That's classy, stylish, elegant, all those things! 

Very nice.


----------



## ssgmeader (Jul 17, 2013)

Very interesting concept. Do you just use CA with the styrene and wenga? And when you say wedges is the initial form a Octagon with the points of the wedges meeting in the middle?


----------



## barry richardson (Jul 17, 2013)

Very cool! Must be tedious cutting staves that tiny!


----------



## rdabpenman (Jul 17, 2013)

Nicely done Branden!
That kit and plating look great with that blank.

Les


----------



## NYWoodturner (Jul 18, 2013)

Branden - it doesn't look like an "attempt" to me - it looks like a success 
Simply said, it is a beautiful pen. How long did it take for the glue up?
Scott


----------



## Penl8the (Jul 18, 2013)

Hi Kevin,

Gluing the styrene to each wedge/stave took about 20 minutes because there were 8 of them. After that I had to glue the styrene/wedge sections into a cylinder (round blank) - this part took about 5 minutes. So not long.

But cutting the wedges to be exactly 45 deg requires a bit more time. But I have written a tutorial to cut the wedge "safely".

Question for you:

When I tried to add the tutorial as attachement in the "The Class Room" forum. I am seeing this statement.

*You are currently using N/A of your allocated attachment usage (Unlimited) [View My Attachments]*

I see you are on of the admin's on this site, maybe you can help me. Your assistance will be greatly appreciated.



NYWoodturner said:


> Branden - it doesn't look like an "attempt" to me - it looks like a success
> Simply did, it is a beautiful pen. How long did it take for the glue up?
> Scott


----------



## rdabpenman (Jul 18, 2013)

Penl8the said:


> Hi Kevin,
> 
> Gluing the styrene to each wedge/stave took about 20 minutes because there were 8 of them. After that I had to glue the styrene/wedge sections into a cylinder (round blank) - this part took about 5 minutes. So not long.
> 
> ...



Branden,

Unfortunately you can't down load PDF's on this site.
You will have to do a lot of copy & paste to put a tutorial into the Class Room.

Les


----------



## barry richardson (Jul 19, 2013)

Don't give up Branden, I need to see that jig!


----------



## Penl8the (Jul 19, 2013)

Hi All (and Richard),

I hope I am not breaking any forum ettiquette when I am proposing this. I am too lazy to do multiple cut & paste, since I have tutorial written. 
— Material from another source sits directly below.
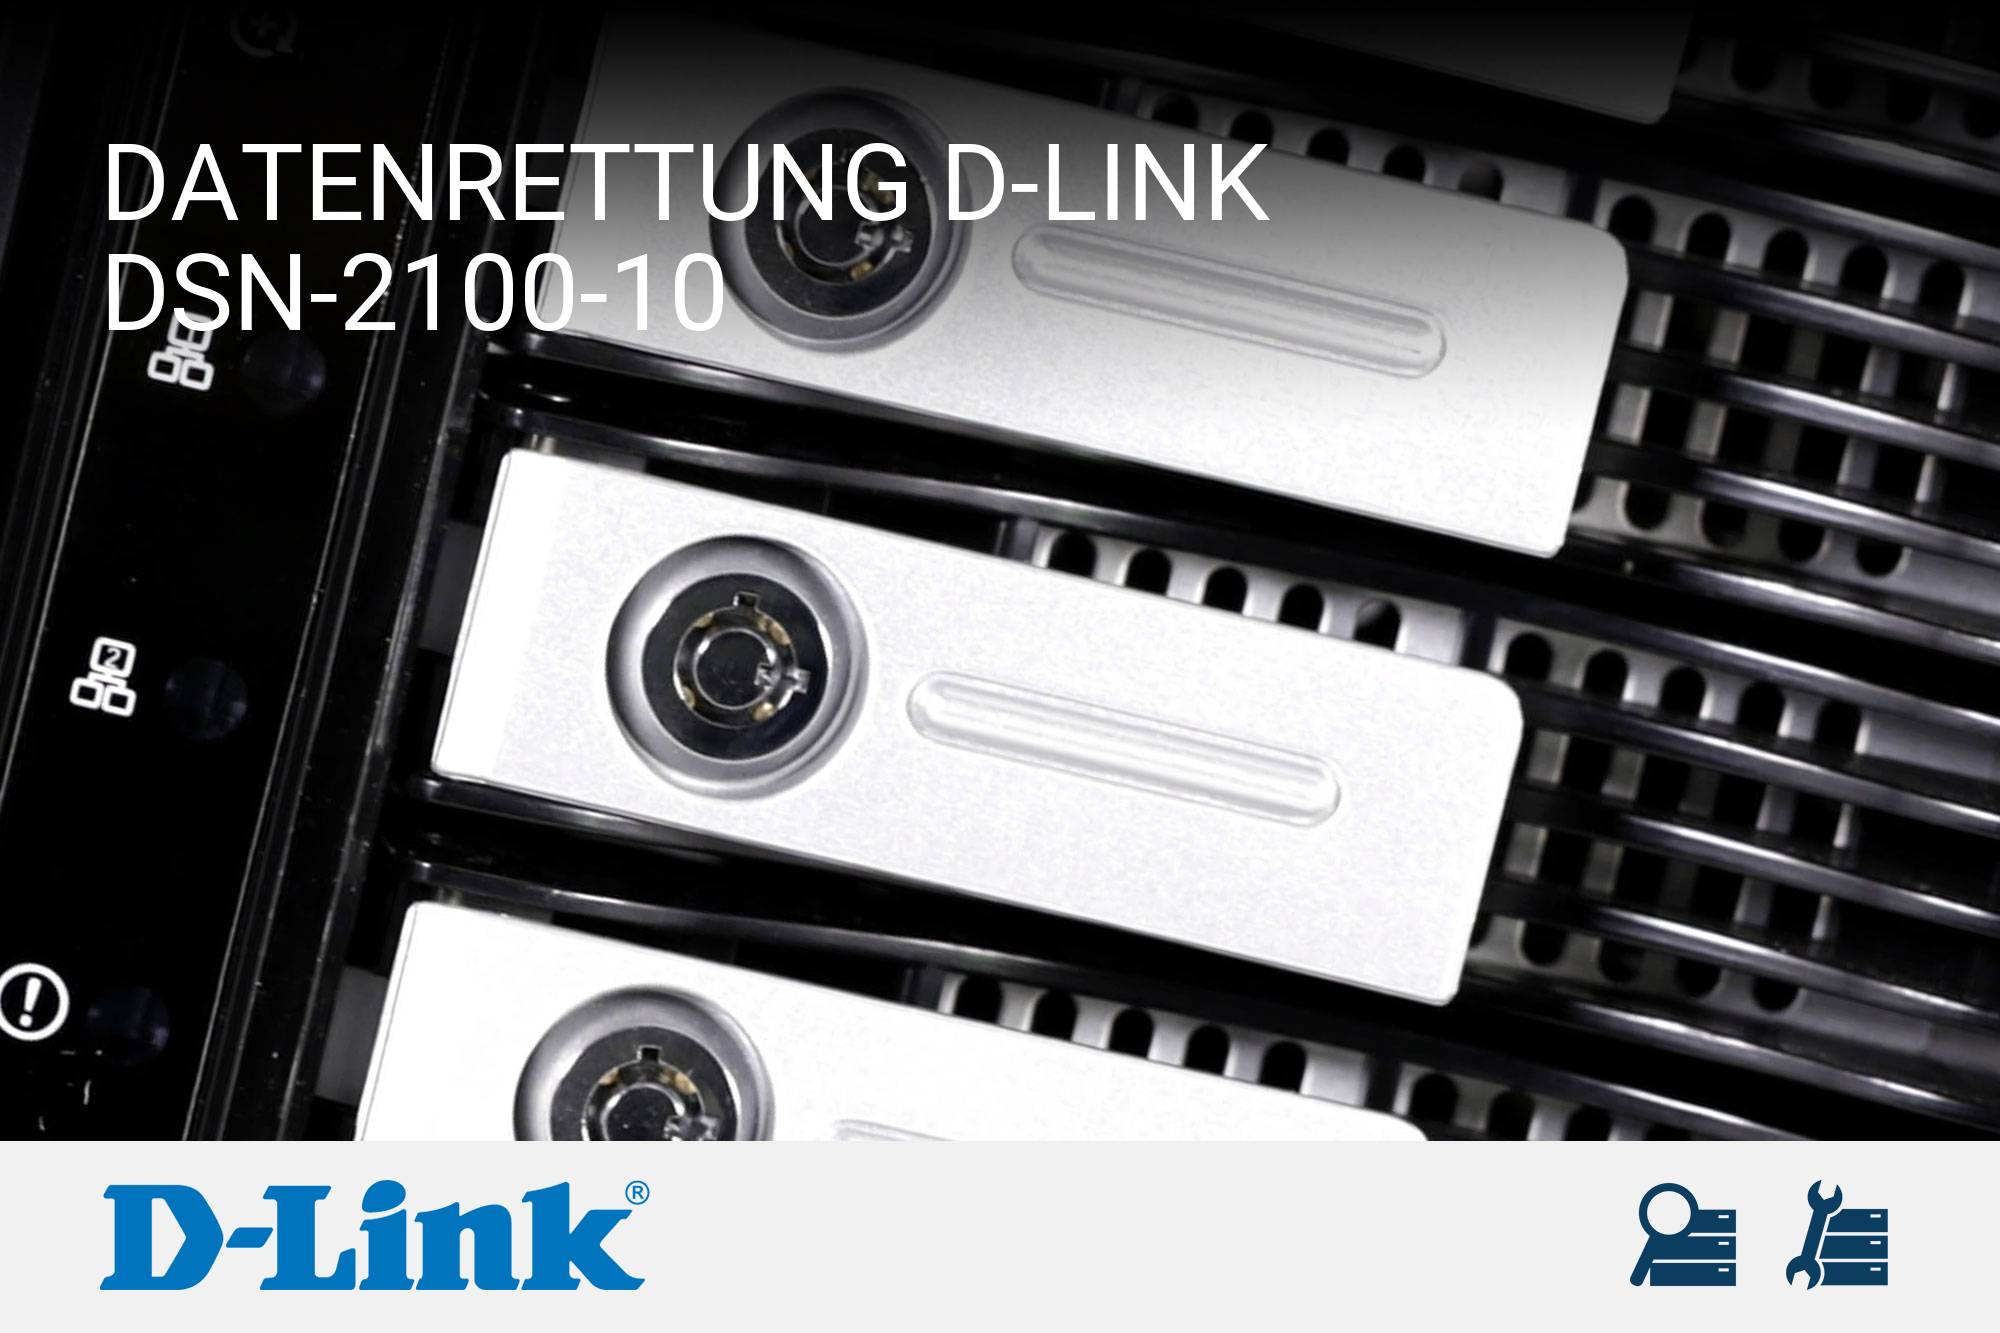 D-Link DSN-2100-10

Please email me with your return email address already. I will send the link or the .pdf file.



barry richardson said:


> Don't give up Branden, I need to see that jig!


----------



## barry richardson (Jul 20, 2013)

Can ya just post the link in this thread?


----------



## Penl8the (Jul 20, 2013)

barry richardson said:


> Can ya just post the link in this thread?



Sure. Enjoy.

*Link to Tutorial*


----------



## Penl8the (Jul 22, 2013)

Penl8the said:


> barry richardson said:
> 
> 
> > Can ya just post the link in this thread?
> ...



Sorry wrong link. This should work better ...

http://www.penturnersparadise.ca/forum/showthread.php?t=7702


----------



## barry richardson (Jul 22, 2013)

Very clever Brandon! Thanks for sharing! A very useful jig for people who do flatwork and veneering as well!


----------